[Edbrowse-dev] tag list

edbrowse-dev - development list for edbrowse
 help / color / mirror / Atom feed

* [Edbrowse-dev]   tag list
@ 2014-03-02 14:15 Karl Dahlke
  2014-03-02 19:28 ` Adam Thompson
  0 siblings, 1 reply; 6+ messages in thread
From: Karl Dahlke @ 2014-03-02 14:15 UTC (permalink / raw)
  To: Edbrowse-dev

> At some stage I really need to familiarise myself with the html code.

Yes, but please ask if unsure. A question can sometimes replace
days of reading code, especially my code, which isn't well commented.

> but why are we storing a list of pointers?

Precisely so the structures don't move.
Each tag can point, by a pointer, to its parent or children
and those pointers will remain valid,
even if c++ vector does a realloc on the list of pointers,
which it will do as new tags are created.
Chris and I went through this - I even started writing
vector<struct htmlTag> code, but then I could see the structures
were moving, and the parent and child links became invalid.

> We also need to store a list of children in each tag, i.e. in the code:

Yes, and javascript has set for us a partial standard;
should we follow it?
A form contains input elements, right?
Well js standard says form contains a member named elements, which is an array
of all the input tags, in order.
Now suppose one of those inputs is a dropdown list, a select.
Dom standard says that input tag contains a member named options.
It is an array of objects, each object an option in the select list.
So children seem to be held in an array that is owned by the parent.

> Example of <body> <div>
>
> The body would have a list of two pointers to the two div tags,

js already has an array of div tags.
It is called divs, I think.
I know it has n array of link tags called links, an array of image tags called images, and so on.
What I don't know is whether this, in the standard, is a global array of all images on the page,
or a local array of images in the current structure,
like elements in a form or options in a select.
We would want the latter.
More research is needed.
domlink() in jsdom.cpp is suppose to do all of this.
And it looks like it treats elements and options as a local list,
in the current structure, but images and links and heads and metas
and anchors as a global list under document.
I don't know if this is right.
If this is the standard perhaps we can do both,
document/images[] for all image tags on the page,
and local/images[] for the array of images that are inside the current paragraph
or whatever.

Another aspect of this js standard is it is type specific.
Here is the list of elements in the form, here is the list
of images, here is the list of anchors, etc.
Maybe that's ok, but maybe we also need an array of all tags in order
within each construct.
IDK

> No need to do this rewrite at the moment,

Absolutely agree.
I think we all agree here.
Let's get 3.5.1 stable and working with distributed libraries.
We're just talking, and thinking, and planning for the future,
and I think it is helpful.

Karl Dahlke

^ permalink raw reply	[flat|nested] 6+ messages in thread

* Re: [Edbrowse-dev] tag list
  2014-03-02 14:15 [Edbrowse-dev] tag list Karl Dahlke
@ 2014-03-02 19:28 ` Adam Thompson
  0 siblings, 0 replies; 6+ messages in thread
From: Adam Thompson @ 2014-03-02 19:28 UTC (permalink / raw)
  To: Karl Dahlke; +Cc: Edbrowse-dev

[-- Attachment #1: Type: text/plain, Size: 5368 bytes --]

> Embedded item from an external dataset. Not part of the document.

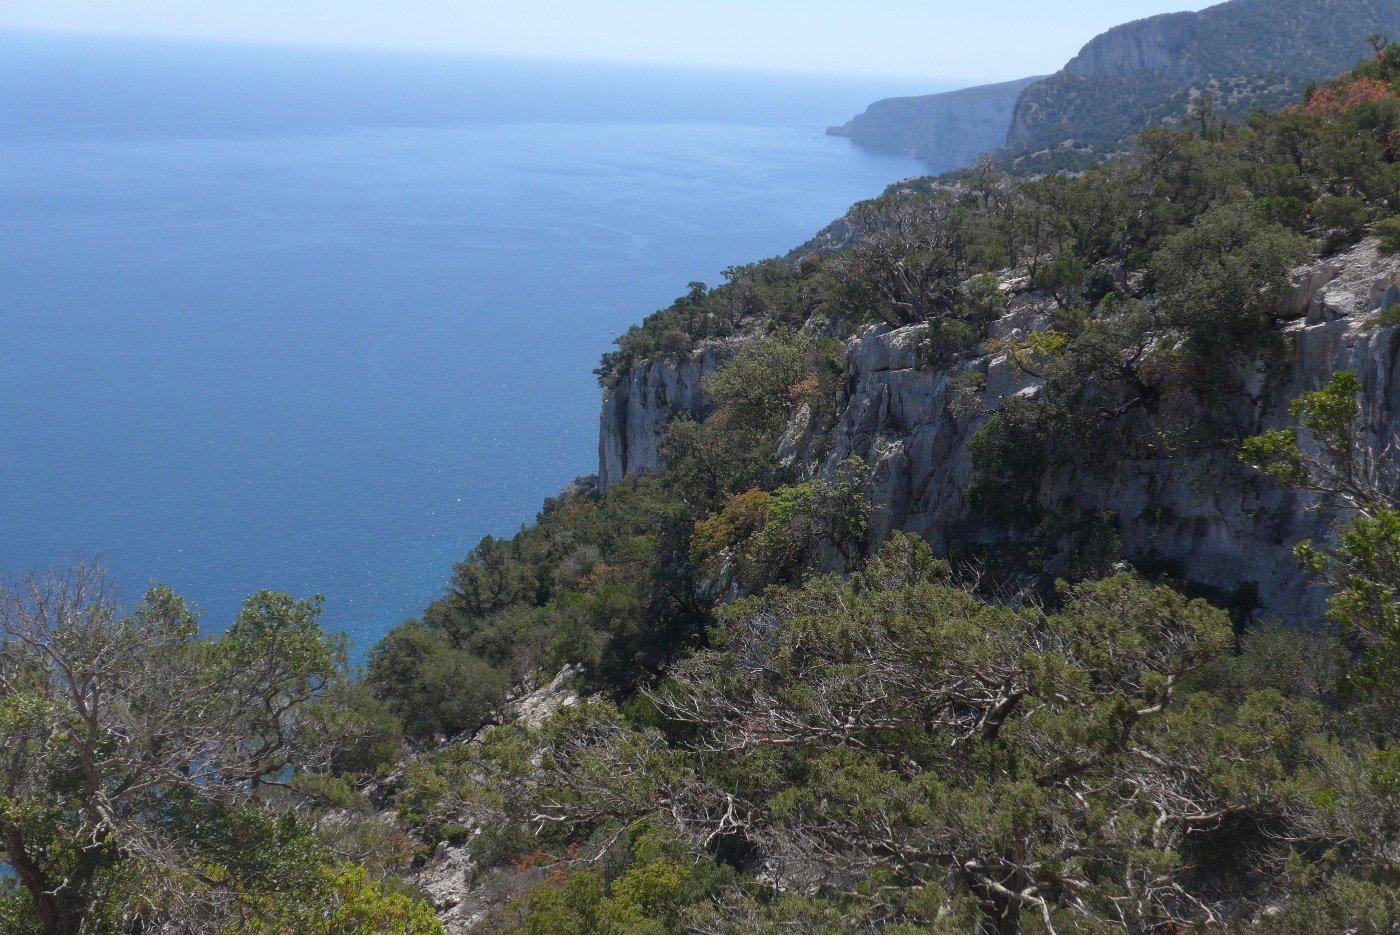 Panorama verso sud dall'ovile Piddi

On Sun, Mar 02, 2014 at 09:15:44AM -0500, Karl Dahlke wrote:
> > At some stage I really need to familiarise myself with the html code.
> 
> Yes, but please ask if unsure. A question can sometimes replace
> days of reading code, especially my code, which isn't well commented.

Tbh it's far from the worst I've seen,
though some more comments on the global and file-scoped variables would be useful.

> > but why are we storing a list of pointers?
> 
> Precisely so the structures don't move.
> Each tag can point, by a pointer, to its parent or children
> and those pointers will remain valid,
> even if c++ vector does a realloc on the list of pointers,
> which it will do as new tags are created.
> Chris and I went through this - I even started writing
> vector<struct htmlTag> code, but then I could see the structures
> were moving, and the parent and child links became invalid.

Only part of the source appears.